This data repository contains global raster and vector outputs for the WaterNet model at 20 meters, and it links the code for three python modules related to the generation of this data. This research was supported by Bridges to Prosperity and conducted by Better Planet Laborary. If using this data please cite the original WaterNet paper:
Pierson, Matthew., and Mehrabi, Zia. 2024. Mapping waterways worldwide with deep learning. arXiv. https://doi.org/10.48550/arXiv.2412.00050
Projection: All files use EPSG: 4326.
A Live demo of the raster data can be found at The Fika Map Website. A STAC catalog is coming soon!
The raster outputs are in the raster folder. The file names follow the format {xtile}_{ytile}.tif
and correspond to a zoom level 6 xyz map tile. A geojson file in the root directory named waterway_model_outputs_20m_raster_overview.geojson
contains the bounding boxes for each raster file. The raster files are configured as COGs (Cloud-Optimized GeoTIFF) files.

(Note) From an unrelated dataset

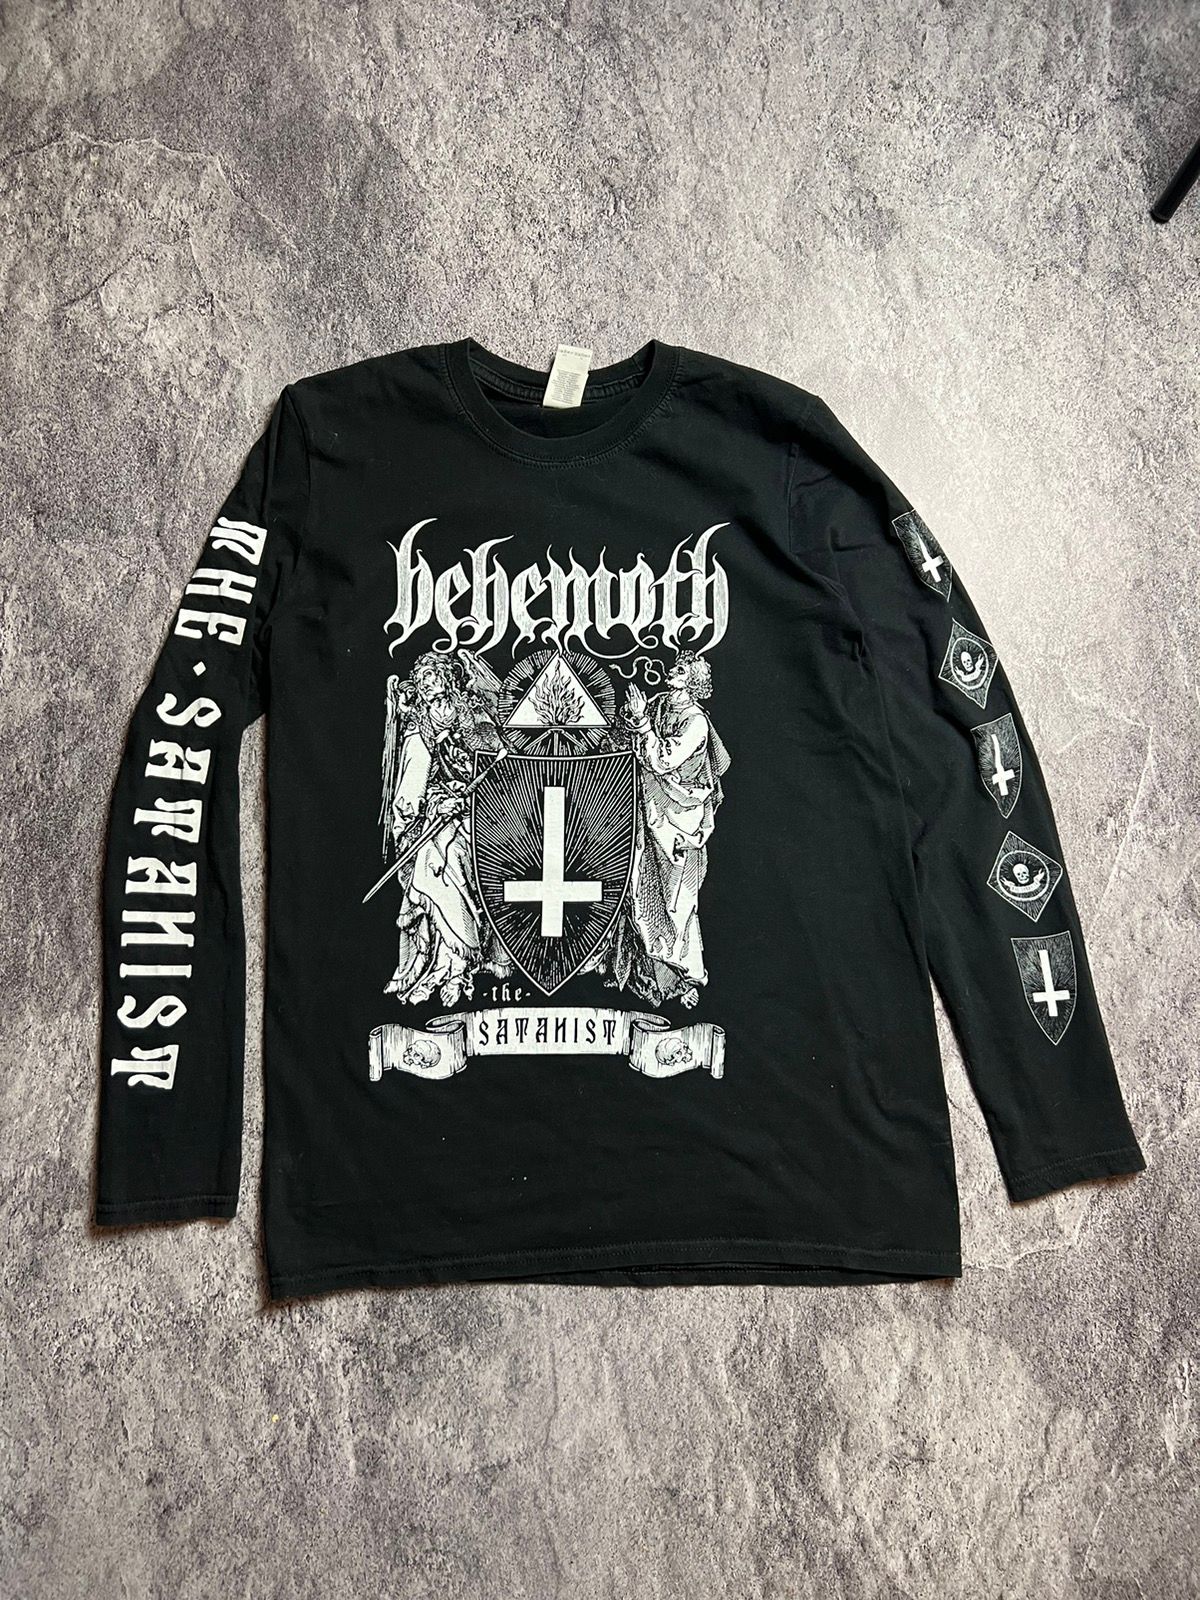 Pre-owned Band Tees X Rock Tees Y2k Behemoth Satanist Extreme Metal Band Tour Skull Tee In Black

There are a few known issues with the raster product. These include lower accuracy of capturing swampy areas and deserts (although alternative feature weightings of the model can allow for better capture of swamps, and our vectorization process aims to resolve the issues in deserts). We also note higher noise in areas where it is difficult to create cloud free composites (coastal areas, near the equator); and future integration of SAR data may help alleviate these particularly on a near-real time deploy. There is also artifact in Greenland (missing cells) that we expect is due to Sentinel-2 feature inputs, for which further investigation and back fill is likely required.
Vector data has been made available as a series of geoparquet files as well as a set of pmtiles files. A geojson file in the root directory named waterway_model_outputs_vector_overview.geojson
contains the bounding boxes for each parquet vector file. The individual geoparquet files are available in the vector folder and the pmtiles files are available in the pmtiles folder. There is also a joined pmtiles file named waterway_model_outputs_20m_vector.pmtiles
. The pmtiles files offer live previews of the data if you click on an individual file. A live demo of the vector data can be found at The Fika Map Website.
Files can be found in the vector folder and follow the naming format {hydrobasins level 2 id}_{part}.parquet
. Files correspond to parts of hydrobasin level 2 basins, split due to 2.5 GB size limits. Files are configured as geoparquet files.
The vector outputs have the following naming convention {hydrobasins level 2 id}_{part}.parquet
. The level 2 HydroBasins can be obtained from their website. As the naming convention suggests, each file corresponds to part of a hydrobasin level 2 basin. This data set is also available on Harvard Dataverse for Academic purposes. Since many of the files were larger than 2.5 GB, they were split into parts to satisfy the Harvard Dataverse individual file size limit.
Vectorization of any large body of water (lakes, swamps, wide rivers, etc) can result in multiple geometries that should all be a single geometry. One method for identifying such artifacts are to search for streams of order 1 whose target streams are high in order. Since these artifacts often occur in lakes, we have included the column "intersects_lake" in the output, which indicates if the geometry intersects a lake in HydroLakes.
Code for model creation, training, and vectorization are linked in the GitHub Repositories below. Global inference code has not been included as the large amount of data required makes such an effort difficult to generalize across compute hardware.
The research behind the models is detailed in the following papers:
The data is also available in Harvard dataverse with a permanent DOI at https://doi.org/10.7910/DVN/YY2XMG
This research was funded by Bridges to Prosperity and carried out by Better Planet Laboratory.
This data is licensed under the Creative Commons Attribution 4.0 International License. Please cite the original WaterNet paper and Bridges to Prosperity if you use this data.